Ok I'm going to get right out and say it I'm married and we're expecting our first child together in March.My husband work 8:30-5 and doesn't get home until 5:30 but we live with his family so we don't get any alone time until 10 minutes before bed. Anyway One of my problems is that his mom is verbally abusive towards me and alot of the time he just takes whatever it is she says and beleives it. It causes alot of fights. Also he never wants to hear where I'm coming from on things. He takes me to see my mom and grandma(who I was super close to before everything)once every other week. But yet he doesn't underdstand I miss them and would love to see them more.I'm just wondering if I should leave or if I should stay for our baby's sake


----------



## tacoma (May 1, 2011)

How long have you been married?

I`m thinking the majority of your troubles would be gone if you guys simply got your own place.


----------



## taekwondogirl0821 (Jul 21, 2011)

We've been married 4 mths today.


----------



## tacoma (May 1, 2011)

Ok, don`t leave him just yet lets see if you can salvage something here.

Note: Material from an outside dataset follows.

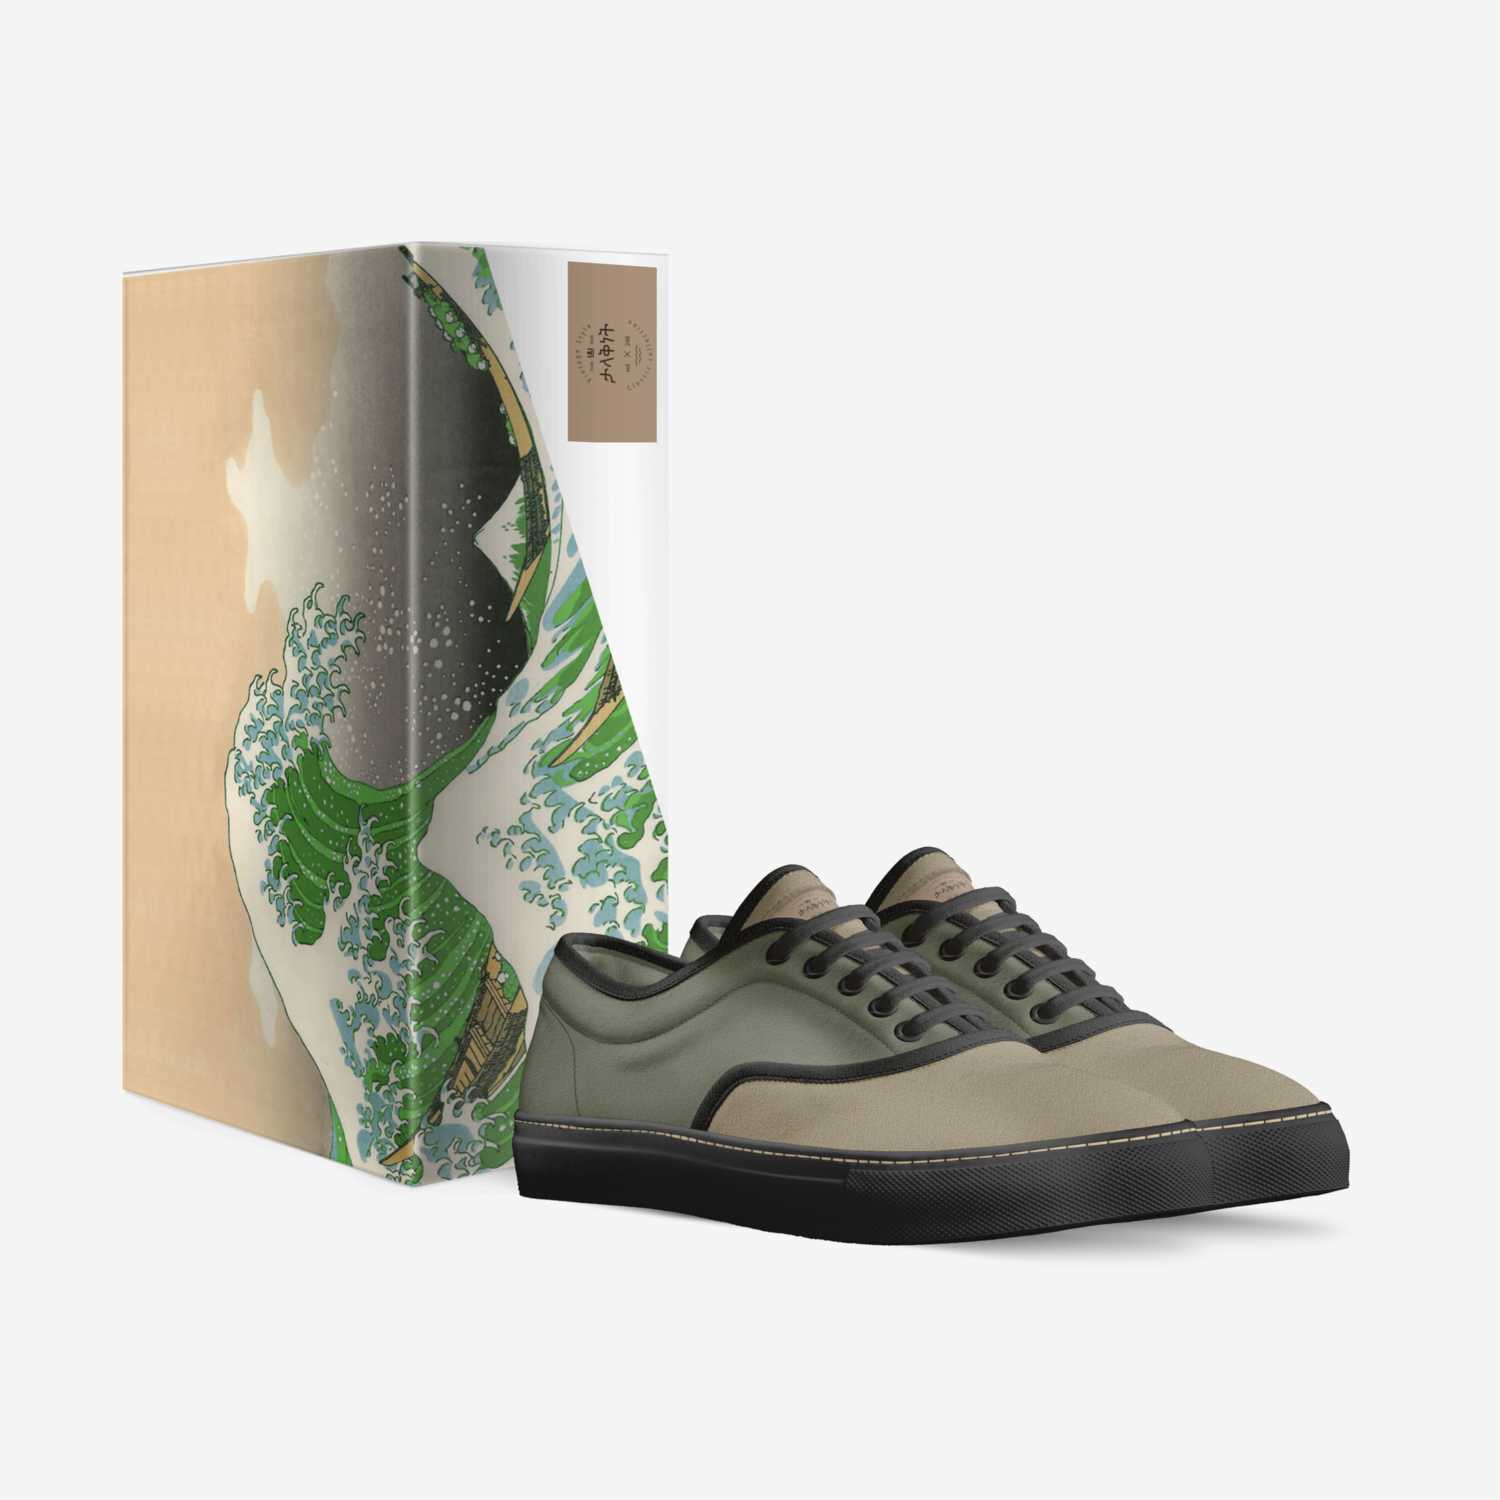 ታላቅነት custom made in Italy shoes by Frankie Free | Box view

As I said before your biggest problem seems to be your living arrangements.
If you weren`t always dealing with your MIL on a daily basis in her home the vast majority of these problems would magically disappear...yes?

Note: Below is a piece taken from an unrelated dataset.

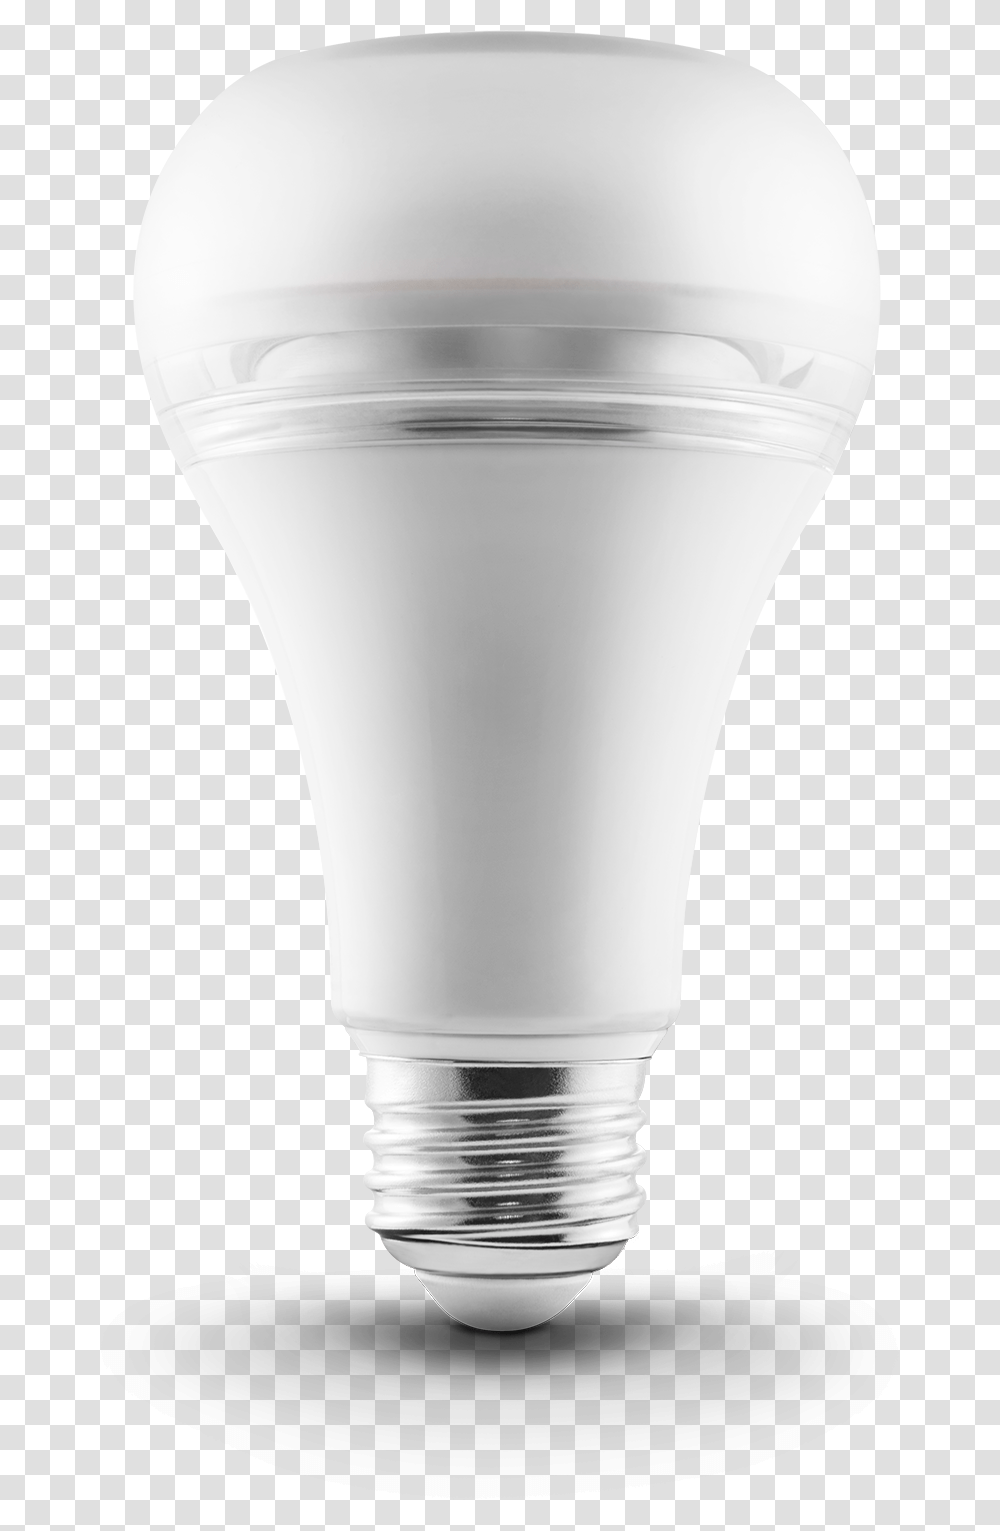 Light Bulb On Off Incandescent Light Bulb, Lightbulb, Milk, Beverage, Drink Transparent Png

This gives you your first goal.

1. Get your own place and the two of you move out of his moms house.

Now I know you`re going to say this isn`t financially possible but I`m telling you if it doesn`t happen soon you`ll be moving out anyway without your husband.

You guys also sound very young, what are your ages?

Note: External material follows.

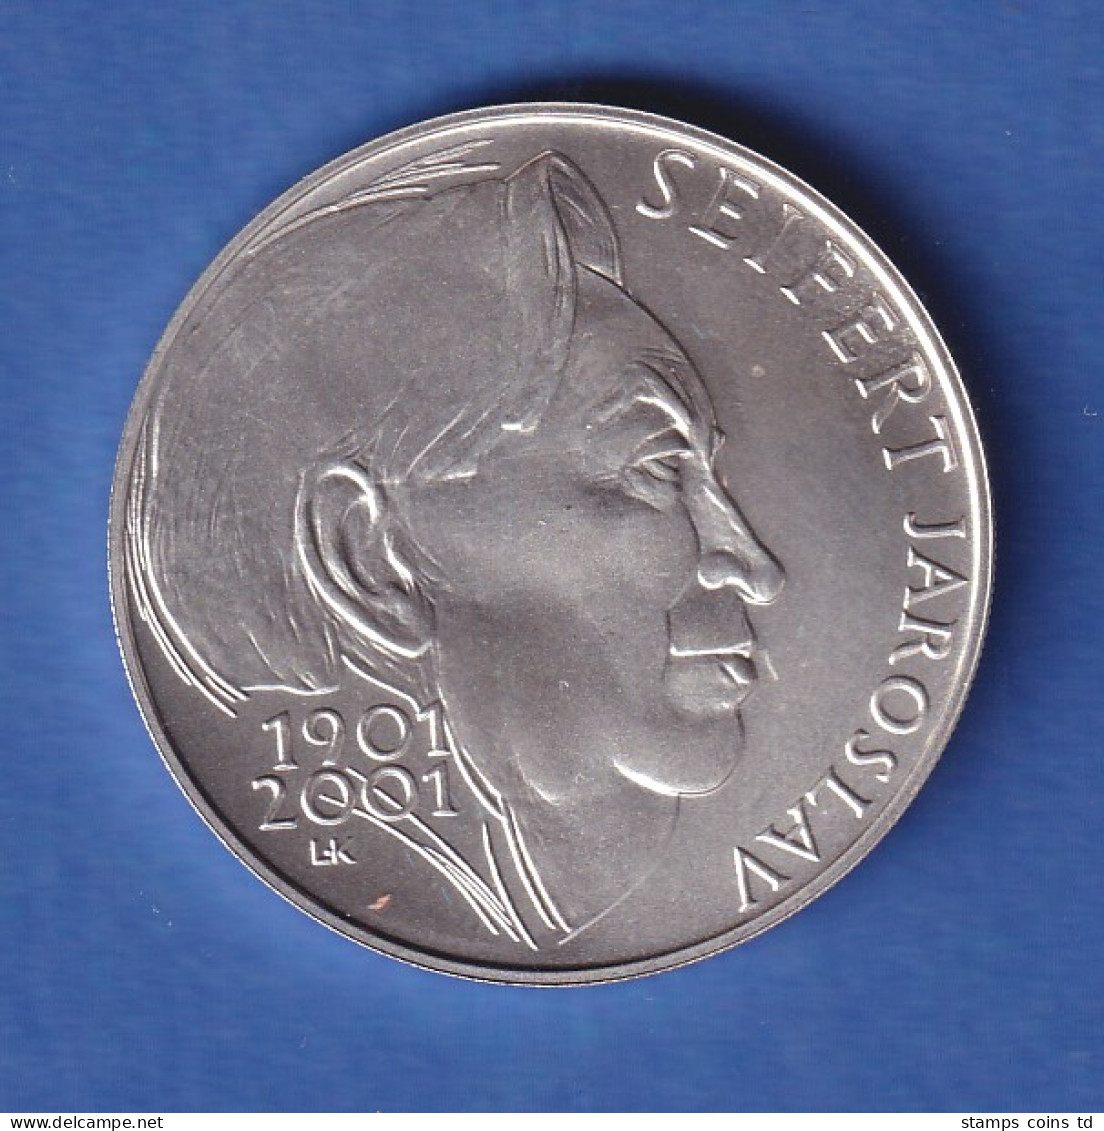 Tschechien 2001 Silbermünze 200 Kronen 100. Geburtstag Von Jaroslav Seifert Stg - Tsjechië

The youth problem is that he probably doesn`t have much experience with the give and take compromises needed to make a long term relationship work.

You are going to have to be the grown up here.
You need to sit down with him and tell him you need to talk about a subject that are going to upset him but you need him to be calm, rational, and understanding.
Then start in on the problem.
Use a lot of "I" phrases to avoid him getting all defensive and shutting down or getting angry.

Don`t say...

"YOUR mother is driving me nuts and YOU don`t stand up for me and I can`t take the way YOU make me feel".

Do say...

I am not comfortable here in this house as ( MIL`s name)(don`t say "YOUR mother") stresses me out and I need more support from you(That ones ok as it`s not accusatory)as I`m carrying OUR baby and it`s a lot of pressure on me at a time when I should be able to feel secure in OUR environment.

Talk to him about the resources needed to get the hell out of there.
Talk about a possible time frame for getting the hell out of there.

Do all of this in a gentle, rational, calm, manner.

If he starts to get upset ask him to please not get mad at you because this is a subject WE need to talk about because it`s really difficult for me right now.

Try this before you do anything but I will tell you that as a husband no one comes before my wife.
No one speaks ill of her in front of me.
No one dares abuse her with my knowledge

Even if she is wrong I have her back, I may later get her alone in the bedroom and ask her "What the hell did you think you were doing?' but I never, ever undermine her in from of anyone else nor do I allow anyone to give her an ounce of **** in front of me.

If your husband can`t eventually get on board with putting you first and foremost, especially with his family you will never make it.
But that`s a project you can work on after this living arrangement has been fixed.


----------



## Uptown (Mar 27, 2010)

:iagree:Great post, Takoma!


----------



## taekwondogirl0821 (Jul 21, 2011)

Thanks this helps I'll try it.


----------